## Problem
Pictures are not part of the copy. Set down exactly the lines from the one containing "Circular crystal whiskey carafe." through the last line of the material below.

## Data section
☆ ☆ ☆ ☆ ☆ ☆ ☆

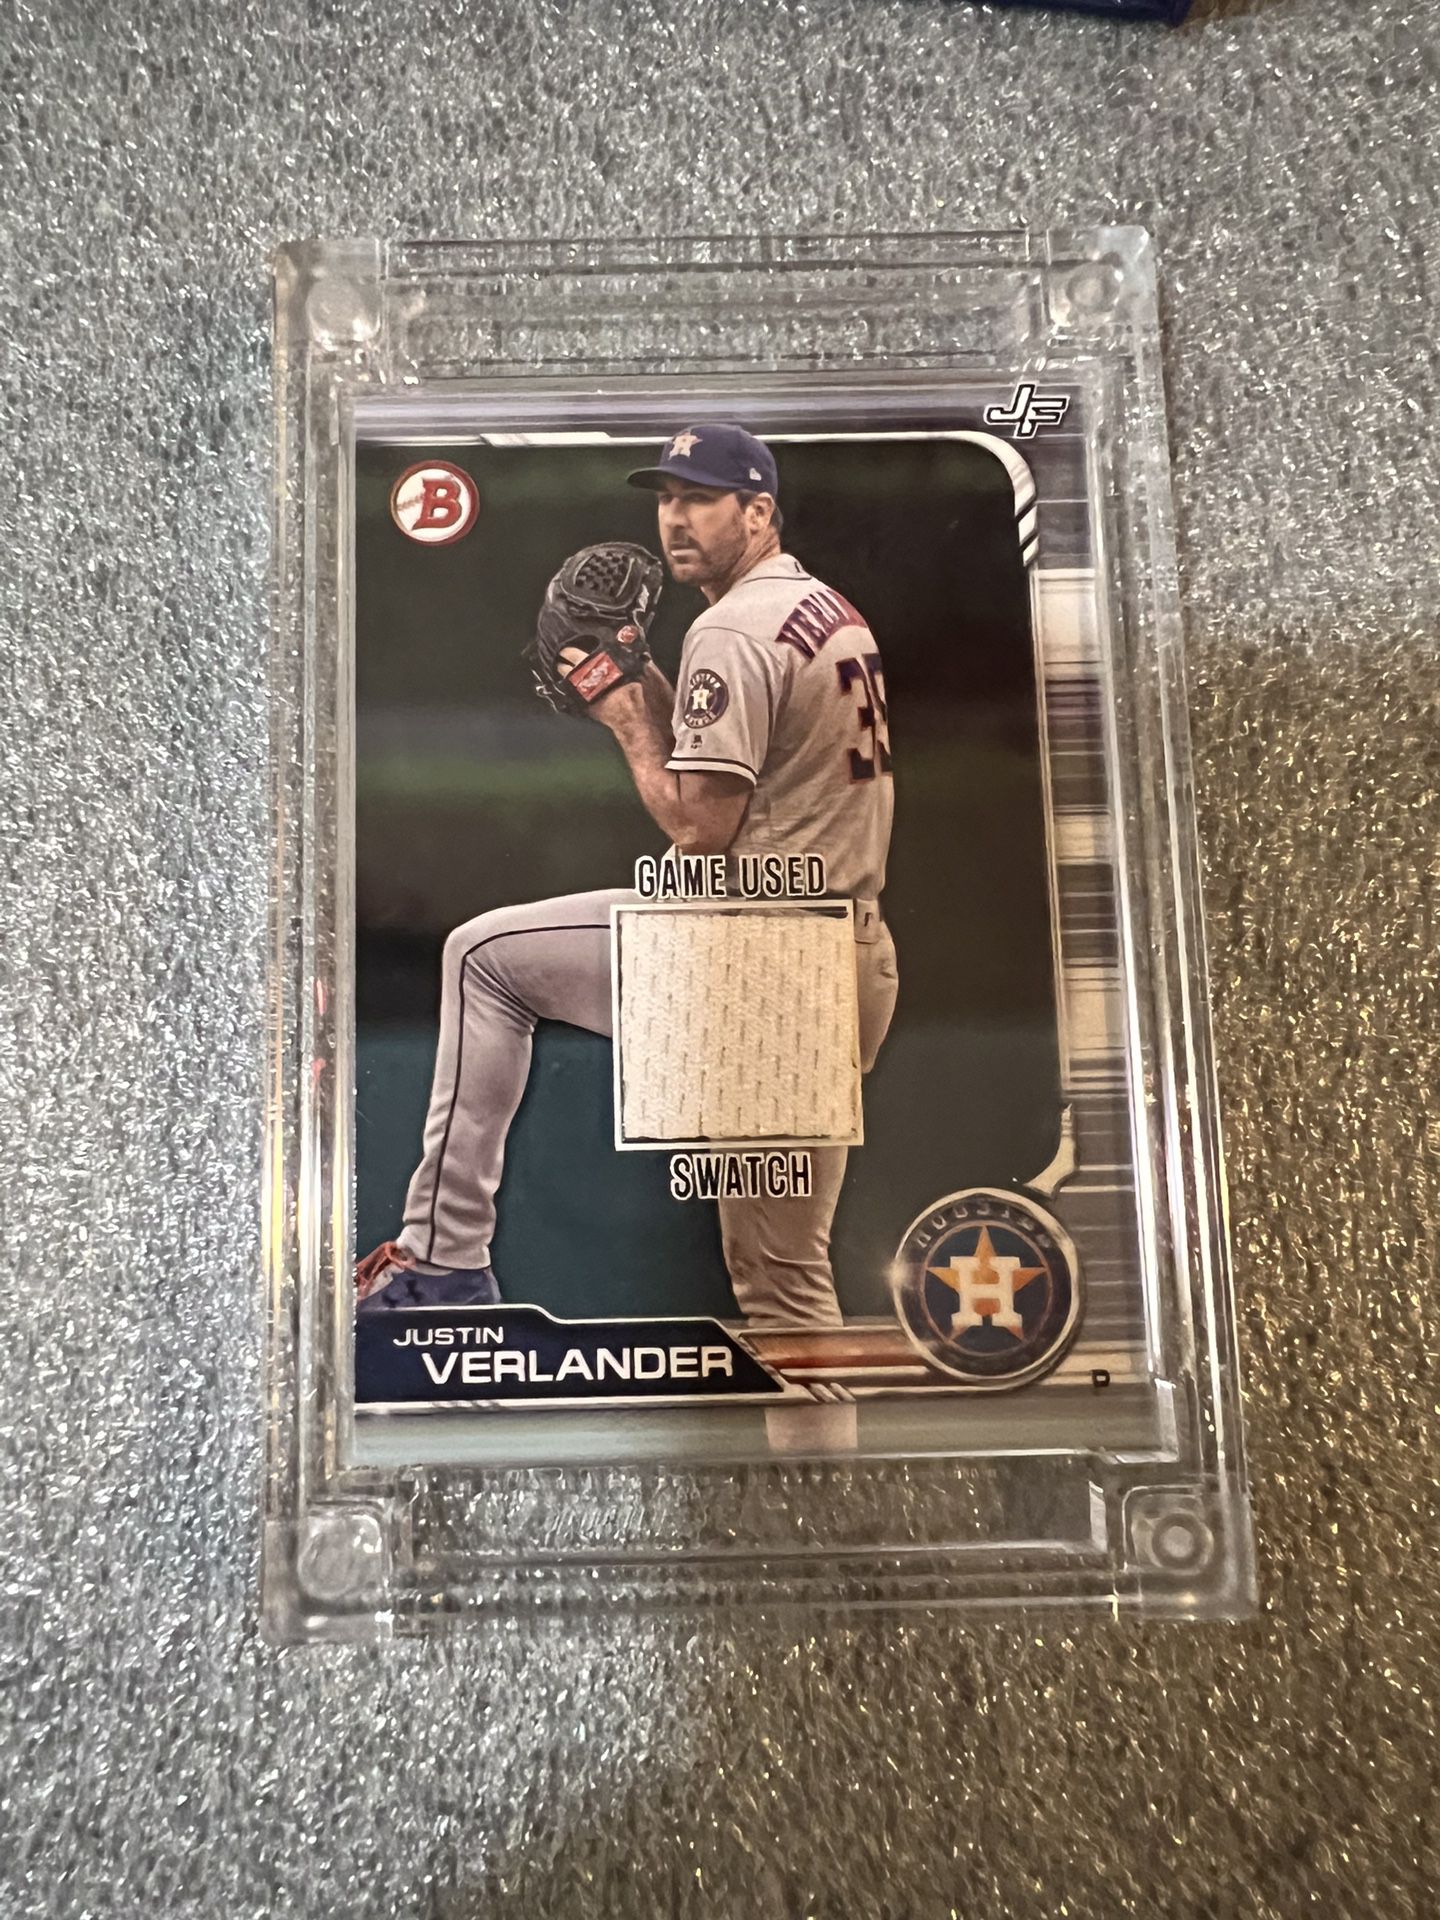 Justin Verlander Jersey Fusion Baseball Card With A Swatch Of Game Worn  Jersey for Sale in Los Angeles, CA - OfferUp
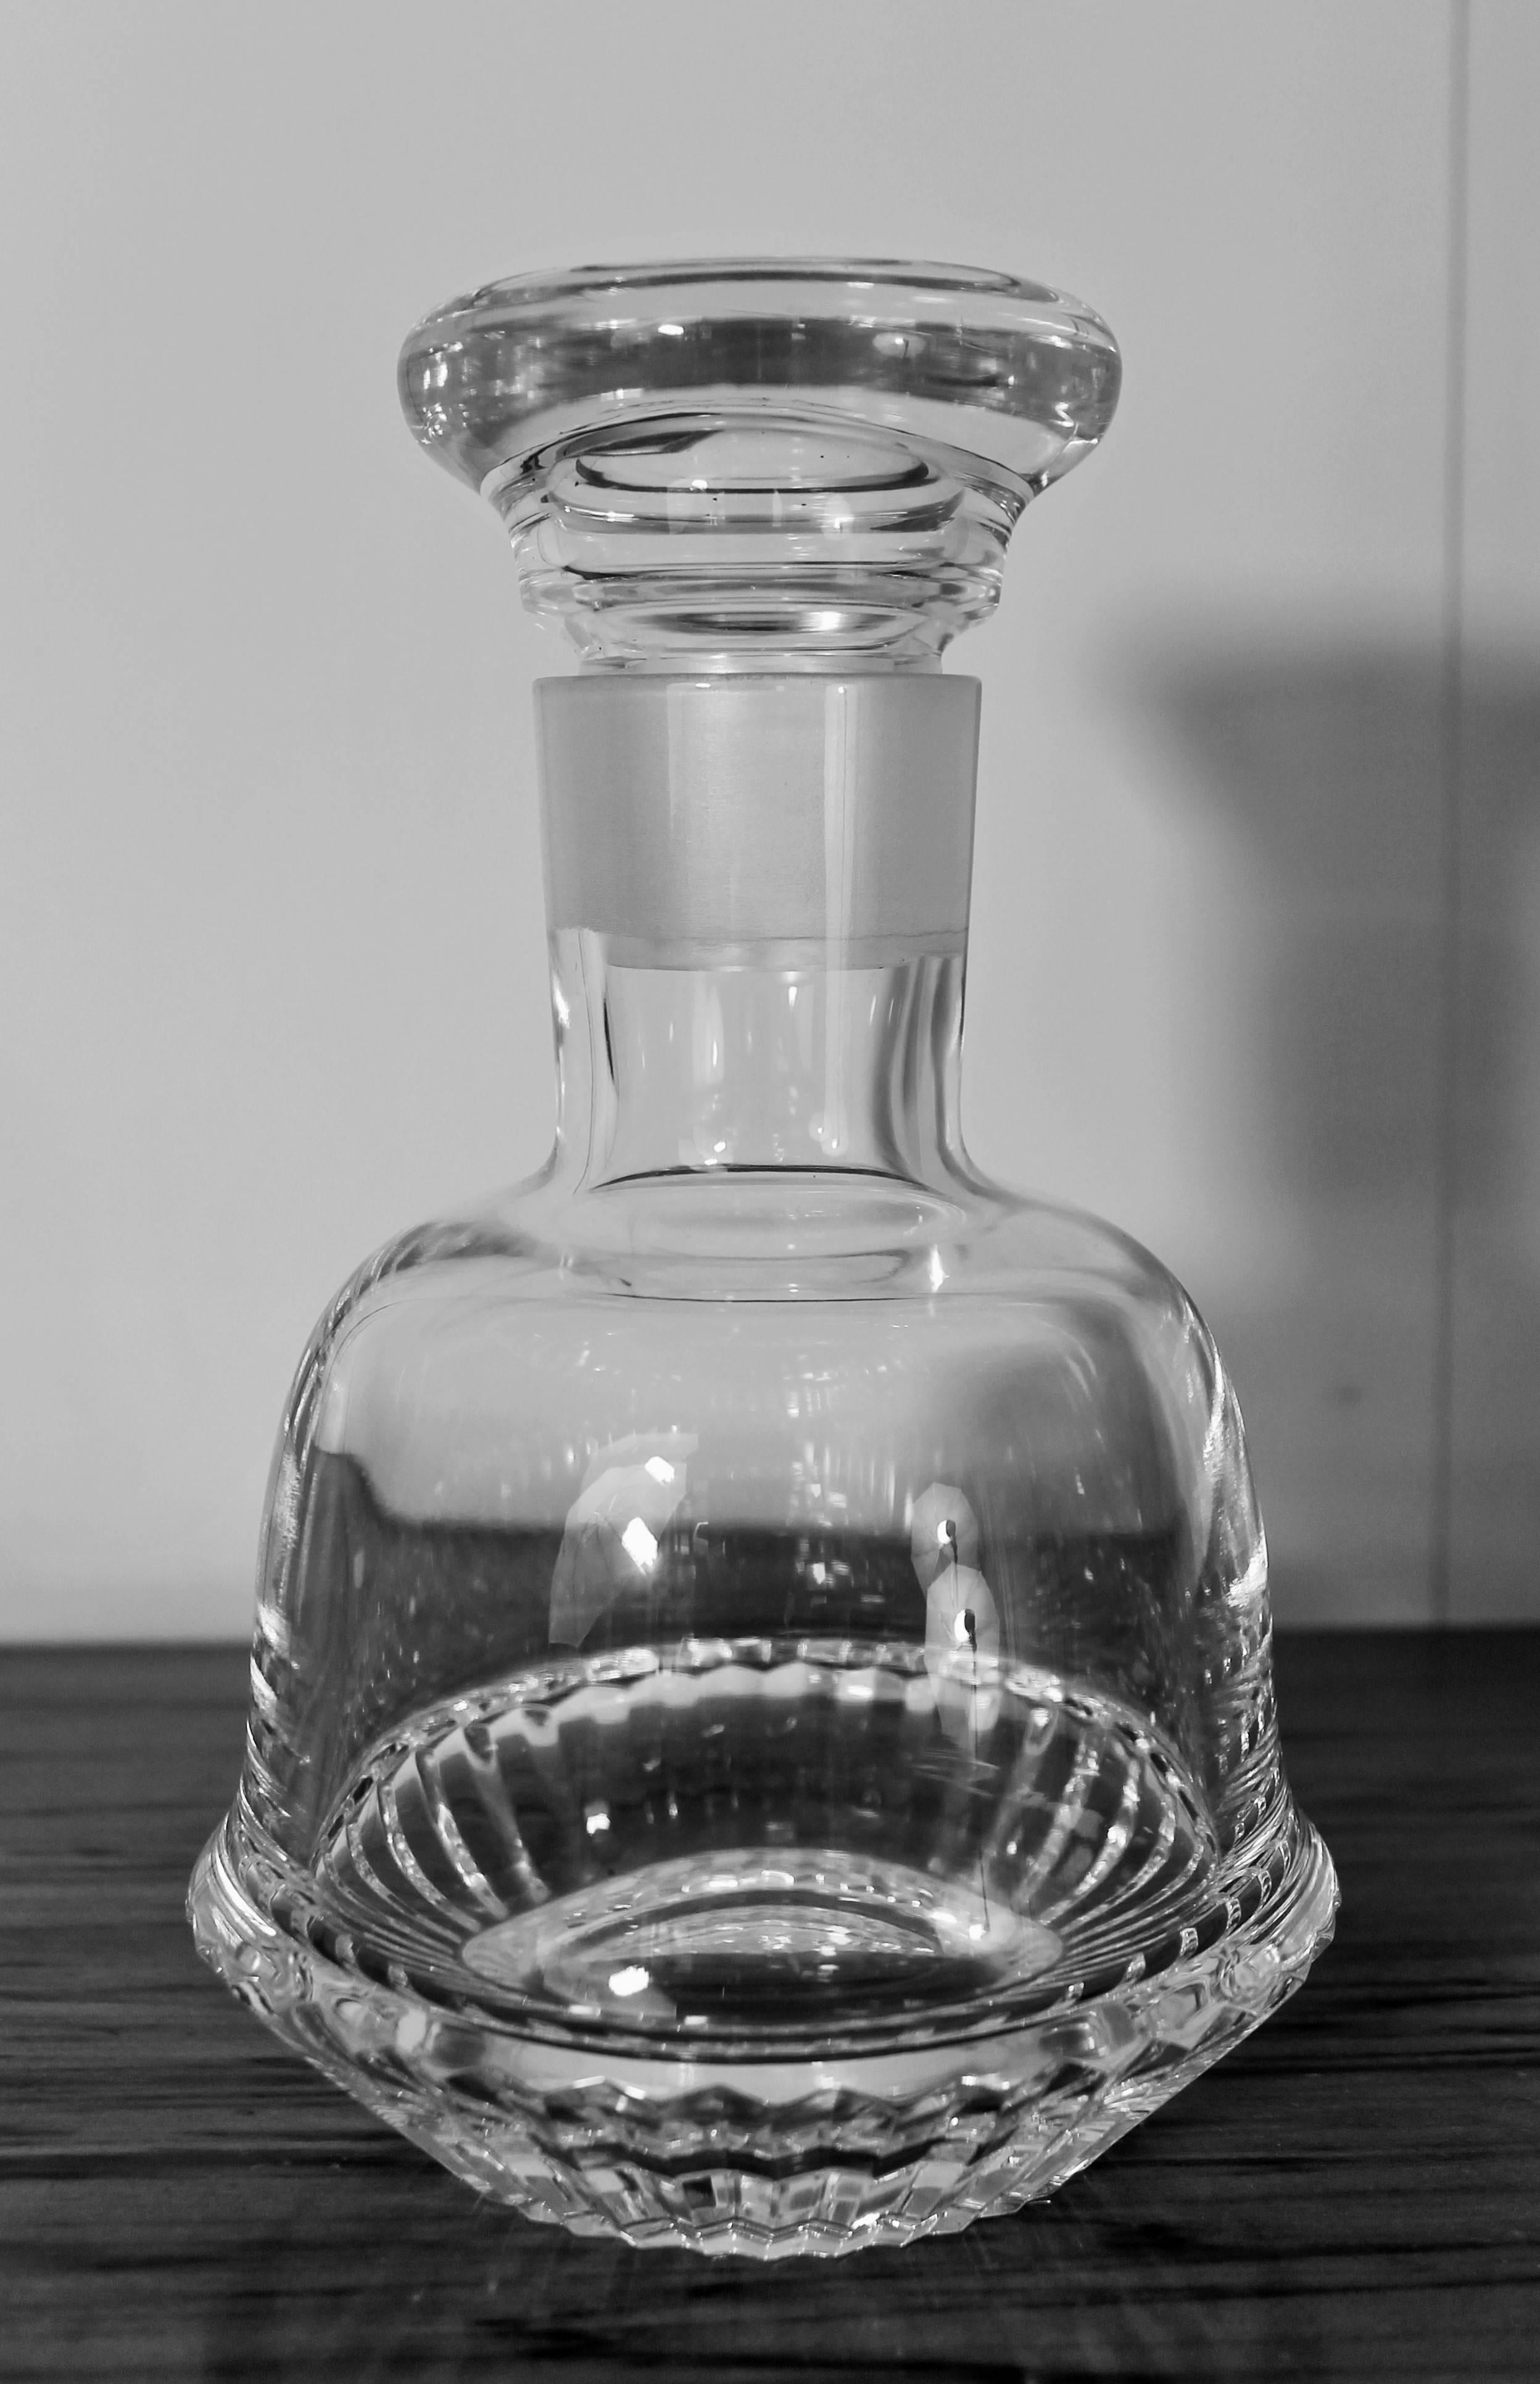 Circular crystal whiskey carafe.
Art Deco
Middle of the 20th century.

☆ ☆ ☆ ☆ ☆ ☆ ☆

## Result for this task
 Circular crystal whiskey carafe.
Art Deco
Middle of the 20th century.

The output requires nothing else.